For the chronically online, the color palette of the fall 2024 trends—first presented on the New York, London, Milan, and Paris runways earlier this year—will look similar to your Instagram feed and TikTok For You Page. The pops of baby pink seen across the four fashion capitals call on the sweetness of the internet’s favorite girlhood aesthetic, and the heathered grays on Loewe and Louis Vuitton’s runways are reminiscent of TikTok’s office siren trend. Even Versace’s café au lait light brown and Chloé’s dark hunter green carried trace whispers of quiet luxury.
But cores and TikTok-endorsed aesthetics aside, the fall 2024 color trends possess just as much IRL appeal as they do online. From classic autumnal neutrals to unexpected pastels, the signature shades for the upcoming season are compelling enough to shop and wear now—even in August.
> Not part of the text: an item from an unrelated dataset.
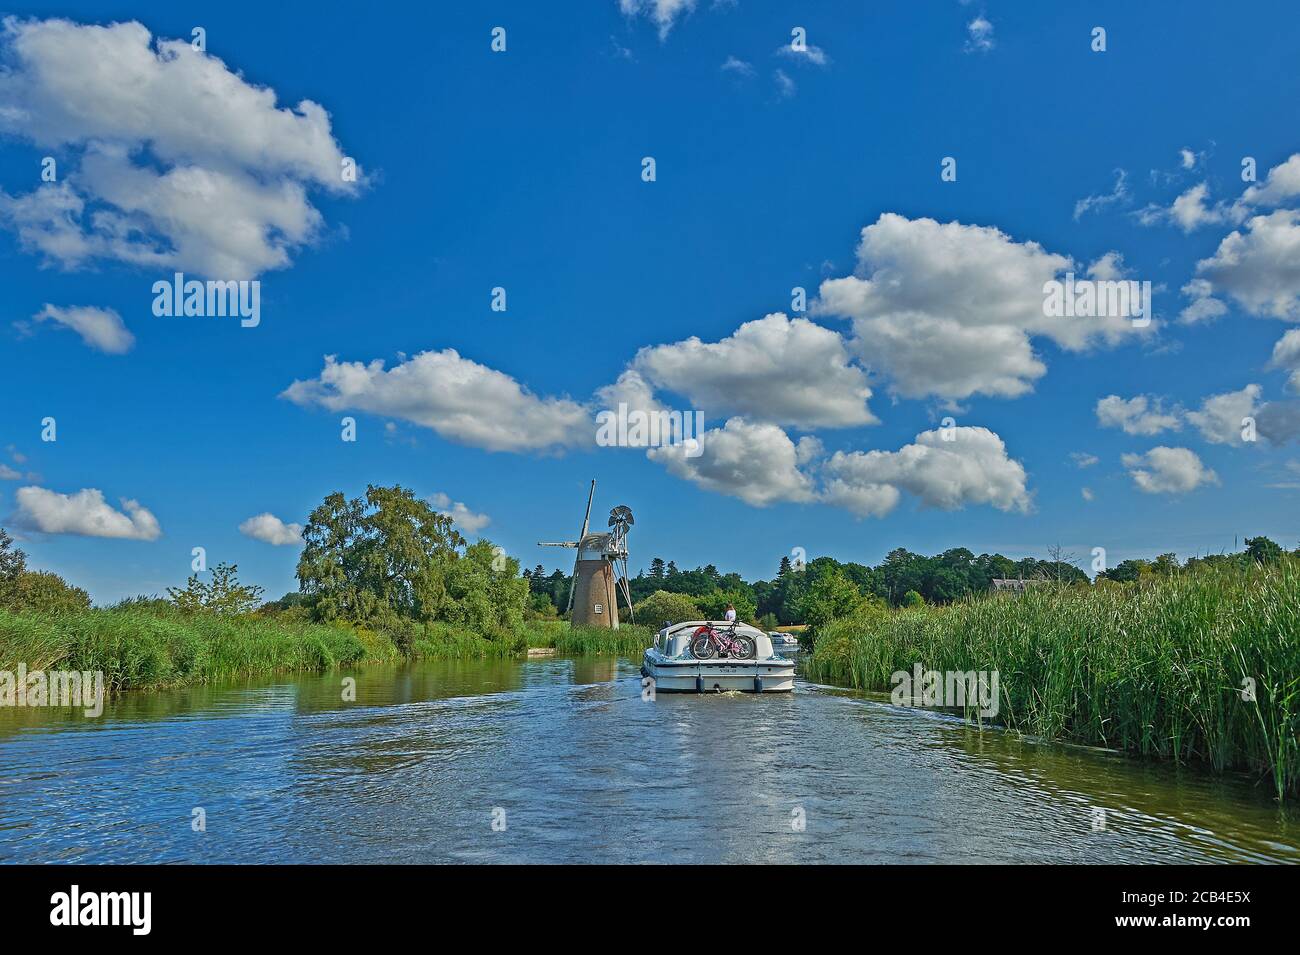 Turf Fen Windmühle am Ufer des Flusses Ant, Norfolk Broads, Norfolk, England Stockfoto

As for which of fall’s top shades will make its mark on the current zeitgeist, only time will tell.
50 Shades of Green
The Fall 2024 season showcased the whole gamut of green. Gucci’s slime-green peacoat and McQueen by Seán McGirr’s lime mini dress were sufficiently Charli XCX-coded. Ferragamo and Chloé leaned more unsaturated and integrated olive thigh-high boots and cozy coats in tartan army green throughout their collections.
Ballet Slipper
Prepare your pirouettes: soft pink in the color of ballet slippers and a fresh tutu, which was a shared color code across the fashion circuit. Blush bows filled Miu Miu and Coach’s runways, and a cocooning coat in bright bubble gum pink turned heads during Dries Van Noten’s runway show. You can also expect the rosy shade to soon pop up at future red carpet events: Alaïa, JW Anderson, Jil Sander, and Simone Rocha all featured baby pink evening gowns that the celebrity set is surely already competing over.
Clear Skies
According to the fashion forecast, fall 2024 will bring cloud-free and clear sky vibes. Bright blue was a clear favorite of Sabato de Sarno, whose Gucci Fall 2024 collection was filled with quilted jackets, midi dresses, and platform loafers in the color. Bottega Veneta, Chloé, and Prada were also on the sky-blue wavelength, relying on the serotonin-boosting shade as a playful pop throughout their shows.
Corporate Gray
The fashion community has long considered gray an underdog neutral, trailing black and white closely behind. But in the coming season, the in-between shade takes center stage and proves its statement-making power with a one-two punch of style. Conversation-starting coats were a hero: Miu Miu’s slate peacoat covered in brooches and Loewe’s steel-colored outerwear with an animal print collar were standouts. Marni, meanwhile, featured the color in its modern skirt suits made of micro-minis and felted blazers.
Mulled Wine
Fashion’s long-standing interest in red as a color trend has been impossible to ignore. But fall 2024 ushers in a deeper, darker iteration of the punchy cherry color that has populated runways and red carpets in recent seasons. Saint Laurent and Ferragamo used oxblood to set the mood, sending out see-through tops and sheer skirts with sultry appeal. Khaite, meanwhile, deviated from its typically color-free palette with diaphanous tops draped in merlot-colored organza and burgundy leather jackets.
Toasted Sesame
Classic camel took on a more forceful and dynamic appearance on the Fall 2024 runways. The light tan was furry at Alexander McQueen in a sculptural top, flirty at Versace in mini dresses, and fall-appropriate at Altuzarra in a series of phenomenal trench coats and dusters.